#### [Exercise details]
Below are entries; output exactly the lines from the one with "File:Abbey Park Leicester" to the one with "2018-19 Annual Report", both included, and nothing else.

#### [Items from a data source]

== == ==

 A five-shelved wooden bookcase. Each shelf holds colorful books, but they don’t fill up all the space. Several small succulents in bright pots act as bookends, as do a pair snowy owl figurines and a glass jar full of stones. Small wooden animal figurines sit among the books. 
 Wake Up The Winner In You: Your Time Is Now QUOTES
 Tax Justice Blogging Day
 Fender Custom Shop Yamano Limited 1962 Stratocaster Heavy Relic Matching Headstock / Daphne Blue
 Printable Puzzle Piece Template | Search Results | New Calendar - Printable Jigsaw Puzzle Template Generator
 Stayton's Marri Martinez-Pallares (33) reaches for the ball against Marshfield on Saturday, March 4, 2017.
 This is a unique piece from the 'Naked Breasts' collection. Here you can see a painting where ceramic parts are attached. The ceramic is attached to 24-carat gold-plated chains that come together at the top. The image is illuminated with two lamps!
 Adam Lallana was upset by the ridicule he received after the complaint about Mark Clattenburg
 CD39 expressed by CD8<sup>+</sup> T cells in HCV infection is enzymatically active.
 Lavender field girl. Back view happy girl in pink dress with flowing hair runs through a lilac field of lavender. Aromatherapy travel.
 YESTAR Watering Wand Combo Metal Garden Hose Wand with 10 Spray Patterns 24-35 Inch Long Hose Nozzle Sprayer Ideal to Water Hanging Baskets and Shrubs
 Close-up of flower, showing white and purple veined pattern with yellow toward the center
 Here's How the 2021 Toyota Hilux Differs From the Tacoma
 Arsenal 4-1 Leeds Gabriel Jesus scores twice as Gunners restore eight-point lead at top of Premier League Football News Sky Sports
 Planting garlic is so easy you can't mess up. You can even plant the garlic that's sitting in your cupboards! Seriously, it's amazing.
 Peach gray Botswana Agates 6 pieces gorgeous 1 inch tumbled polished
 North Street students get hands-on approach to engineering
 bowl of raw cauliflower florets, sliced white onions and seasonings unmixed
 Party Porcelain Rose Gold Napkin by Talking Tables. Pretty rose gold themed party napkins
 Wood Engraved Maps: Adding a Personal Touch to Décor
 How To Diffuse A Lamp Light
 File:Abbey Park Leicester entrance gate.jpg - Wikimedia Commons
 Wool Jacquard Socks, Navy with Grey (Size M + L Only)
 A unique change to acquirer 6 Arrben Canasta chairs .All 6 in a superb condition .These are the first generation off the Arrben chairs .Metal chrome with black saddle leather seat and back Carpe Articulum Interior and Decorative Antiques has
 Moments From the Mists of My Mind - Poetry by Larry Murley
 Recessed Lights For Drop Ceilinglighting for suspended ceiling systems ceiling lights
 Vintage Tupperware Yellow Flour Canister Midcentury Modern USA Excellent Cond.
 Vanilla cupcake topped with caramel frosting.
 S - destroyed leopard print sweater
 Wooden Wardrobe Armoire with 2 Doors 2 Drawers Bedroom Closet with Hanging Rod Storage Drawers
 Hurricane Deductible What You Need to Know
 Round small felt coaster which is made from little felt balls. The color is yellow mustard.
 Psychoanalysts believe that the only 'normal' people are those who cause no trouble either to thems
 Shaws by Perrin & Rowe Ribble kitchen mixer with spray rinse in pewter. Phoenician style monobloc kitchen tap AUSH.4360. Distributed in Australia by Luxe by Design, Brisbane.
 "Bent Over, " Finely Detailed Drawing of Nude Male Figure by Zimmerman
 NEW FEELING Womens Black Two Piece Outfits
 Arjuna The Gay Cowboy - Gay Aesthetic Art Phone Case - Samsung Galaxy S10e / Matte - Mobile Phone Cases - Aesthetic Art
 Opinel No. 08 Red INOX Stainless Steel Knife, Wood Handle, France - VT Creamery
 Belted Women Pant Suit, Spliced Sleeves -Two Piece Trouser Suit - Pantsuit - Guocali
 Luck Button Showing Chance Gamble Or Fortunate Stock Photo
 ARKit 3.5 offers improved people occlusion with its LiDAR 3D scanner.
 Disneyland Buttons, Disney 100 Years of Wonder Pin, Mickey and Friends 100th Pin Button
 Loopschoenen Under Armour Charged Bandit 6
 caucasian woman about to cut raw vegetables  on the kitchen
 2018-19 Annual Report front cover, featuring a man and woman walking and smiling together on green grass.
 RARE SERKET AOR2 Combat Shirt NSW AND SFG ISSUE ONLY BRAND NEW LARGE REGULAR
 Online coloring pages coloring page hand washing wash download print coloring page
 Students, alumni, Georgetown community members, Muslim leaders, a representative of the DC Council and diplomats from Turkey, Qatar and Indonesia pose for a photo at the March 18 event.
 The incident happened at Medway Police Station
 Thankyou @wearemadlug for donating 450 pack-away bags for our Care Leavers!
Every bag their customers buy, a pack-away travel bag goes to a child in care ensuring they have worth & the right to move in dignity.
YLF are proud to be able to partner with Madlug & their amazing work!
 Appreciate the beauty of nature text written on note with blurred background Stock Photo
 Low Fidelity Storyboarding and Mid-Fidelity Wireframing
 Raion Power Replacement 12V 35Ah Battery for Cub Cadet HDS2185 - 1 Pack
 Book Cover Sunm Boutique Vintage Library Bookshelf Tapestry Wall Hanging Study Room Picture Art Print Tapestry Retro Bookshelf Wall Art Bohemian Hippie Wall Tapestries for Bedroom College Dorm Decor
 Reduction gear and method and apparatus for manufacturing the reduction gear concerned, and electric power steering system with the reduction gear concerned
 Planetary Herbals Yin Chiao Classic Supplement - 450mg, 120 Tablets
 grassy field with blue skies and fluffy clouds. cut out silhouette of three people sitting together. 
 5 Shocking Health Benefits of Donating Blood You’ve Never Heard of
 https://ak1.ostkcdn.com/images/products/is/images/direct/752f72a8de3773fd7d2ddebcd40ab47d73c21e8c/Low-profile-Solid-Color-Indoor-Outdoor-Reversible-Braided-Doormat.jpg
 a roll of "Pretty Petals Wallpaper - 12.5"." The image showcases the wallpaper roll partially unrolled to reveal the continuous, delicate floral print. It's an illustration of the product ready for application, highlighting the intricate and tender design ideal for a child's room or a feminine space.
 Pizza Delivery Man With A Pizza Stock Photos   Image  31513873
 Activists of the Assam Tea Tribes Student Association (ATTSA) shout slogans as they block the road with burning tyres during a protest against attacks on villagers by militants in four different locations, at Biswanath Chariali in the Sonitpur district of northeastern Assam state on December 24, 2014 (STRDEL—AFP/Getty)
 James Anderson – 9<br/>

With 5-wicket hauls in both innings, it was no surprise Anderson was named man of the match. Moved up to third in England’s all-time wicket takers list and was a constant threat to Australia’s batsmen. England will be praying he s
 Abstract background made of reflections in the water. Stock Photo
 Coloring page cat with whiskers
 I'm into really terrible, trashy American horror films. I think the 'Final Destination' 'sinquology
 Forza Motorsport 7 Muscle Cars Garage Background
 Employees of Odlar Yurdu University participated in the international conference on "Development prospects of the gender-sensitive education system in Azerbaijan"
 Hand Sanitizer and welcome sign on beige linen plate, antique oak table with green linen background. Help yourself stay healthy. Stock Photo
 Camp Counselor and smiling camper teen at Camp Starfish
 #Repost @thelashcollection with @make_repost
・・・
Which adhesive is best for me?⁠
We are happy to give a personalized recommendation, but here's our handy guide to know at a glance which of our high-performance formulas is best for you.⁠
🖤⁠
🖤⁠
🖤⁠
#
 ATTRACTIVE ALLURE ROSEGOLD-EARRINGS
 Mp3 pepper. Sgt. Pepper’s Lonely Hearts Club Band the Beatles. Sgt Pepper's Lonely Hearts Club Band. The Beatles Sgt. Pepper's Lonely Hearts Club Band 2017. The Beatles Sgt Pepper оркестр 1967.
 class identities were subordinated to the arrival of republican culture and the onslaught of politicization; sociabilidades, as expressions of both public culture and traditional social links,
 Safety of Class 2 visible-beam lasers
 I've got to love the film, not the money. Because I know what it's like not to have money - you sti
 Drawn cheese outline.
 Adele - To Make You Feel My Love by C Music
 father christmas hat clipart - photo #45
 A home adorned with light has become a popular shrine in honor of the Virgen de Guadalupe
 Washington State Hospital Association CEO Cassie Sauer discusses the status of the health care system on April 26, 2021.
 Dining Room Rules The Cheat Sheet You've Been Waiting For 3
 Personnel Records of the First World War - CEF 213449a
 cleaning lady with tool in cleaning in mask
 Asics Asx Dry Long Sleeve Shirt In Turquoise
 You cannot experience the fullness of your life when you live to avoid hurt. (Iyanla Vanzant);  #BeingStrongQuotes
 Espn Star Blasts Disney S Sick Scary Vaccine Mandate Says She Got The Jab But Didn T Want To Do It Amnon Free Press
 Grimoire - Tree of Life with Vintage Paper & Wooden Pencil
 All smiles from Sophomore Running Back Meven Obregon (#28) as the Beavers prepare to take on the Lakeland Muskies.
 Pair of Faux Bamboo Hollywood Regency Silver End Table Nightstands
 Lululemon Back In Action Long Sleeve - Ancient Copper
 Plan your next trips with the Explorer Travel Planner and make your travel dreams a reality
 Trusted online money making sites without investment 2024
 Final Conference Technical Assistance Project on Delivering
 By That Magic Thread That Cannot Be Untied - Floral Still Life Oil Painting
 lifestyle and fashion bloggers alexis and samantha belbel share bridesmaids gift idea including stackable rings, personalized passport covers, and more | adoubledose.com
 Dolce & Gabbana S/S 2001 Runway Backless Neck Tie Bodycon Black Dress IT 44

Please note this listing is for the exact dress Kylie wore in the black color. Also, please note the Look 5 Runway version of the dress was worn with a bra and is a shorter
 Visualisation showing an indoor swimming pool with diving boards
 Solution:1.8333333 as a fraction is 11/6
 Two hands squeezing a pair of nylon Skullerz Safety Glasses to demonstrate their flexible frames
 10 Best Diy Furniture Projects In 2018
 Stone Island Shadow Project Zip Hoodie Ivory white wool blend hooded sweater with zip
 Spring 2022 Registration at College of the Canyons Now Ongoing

== == ==

#### [Exercise response]
 File:Abbey Park Leicester entrance gate.jpg - Wikimedia Commons
 Wool Jacquard Socks, Navy with Grey (Size M + L Only)
 A unique change to acquirer 6 Arrben Canasta chairs .All 6 in a superb condition .These are the first generation off the Arrben chairs .Metal chrome with black saddle leather seat and back Carpe Articulum Interior and Decorative Antiques has
 Moments From the Mists of My Mind - Poetry by Larry Murley
 Recessed Lights For Drop Ceilinglighting for suspended ceiling systems ceiling lights
 Vintage Tupperware Yellow Flour Canister Midcentury Modern USA Excellent Cond.
 Vanilla cupcake topped with caramel frosting.
 S - destroyed leopard print sweater
 Wooden Wardrobe Armoire with 2 Doors 2 Drawers Bedroom Closet with Hanging Rod Storage Drawers
 Hurricane Deductible What You Need to Know
 Round small felt coaster which is made from little felt balls. The color is yellow mustard.
 Psychoanalysts believe that the only 'normal' people are those who cause no trouble either to thems
 Shaws by Perrin & Rowe Ribble kitchen mixer with spray rinse in pewter. Phoenician style monobloc kitchen tap AUSH.4360. Distributed in Australia by Luxe by Design, Brisbane.
 "Bent Over, " Finely Detailed Drawing of Nude Male Figure by Zimmerman
 NEW FEELING Womens Black Two Piece Outfits
 Arjuna The Gay Cowboy - Gay Aesthetic Art Phone Case - Samsung Galaxy S10e / Matte - Mobile Phone Cases - Aesthetic Art
 Opinel No. 08 Red INOX Stainless Steel Knife, Wood Handle, France - VT Creamery
 Belted Women Pant Suit, Spliced Sleeves -Two Piece Trouser Suit - Pantsuit - Guocali
 Luck Button Showing Chance Gamble Or Fortunate Stock Photo
 ARKit 3.5 offers improved people occlusion with its LiDAR 3D scanner.
 Disneyland Buttons, Disney 100 Years of Wonder Pin, Mickey and Friends 100th Pin Button
 Loopschoenen Under Armour Charged Bandit 6
 caucasian woman about to cut raw vegetables  on the kitchen
 2018-19 Annual Report front cover, featuring a man and woman walking and smiling together on green grass.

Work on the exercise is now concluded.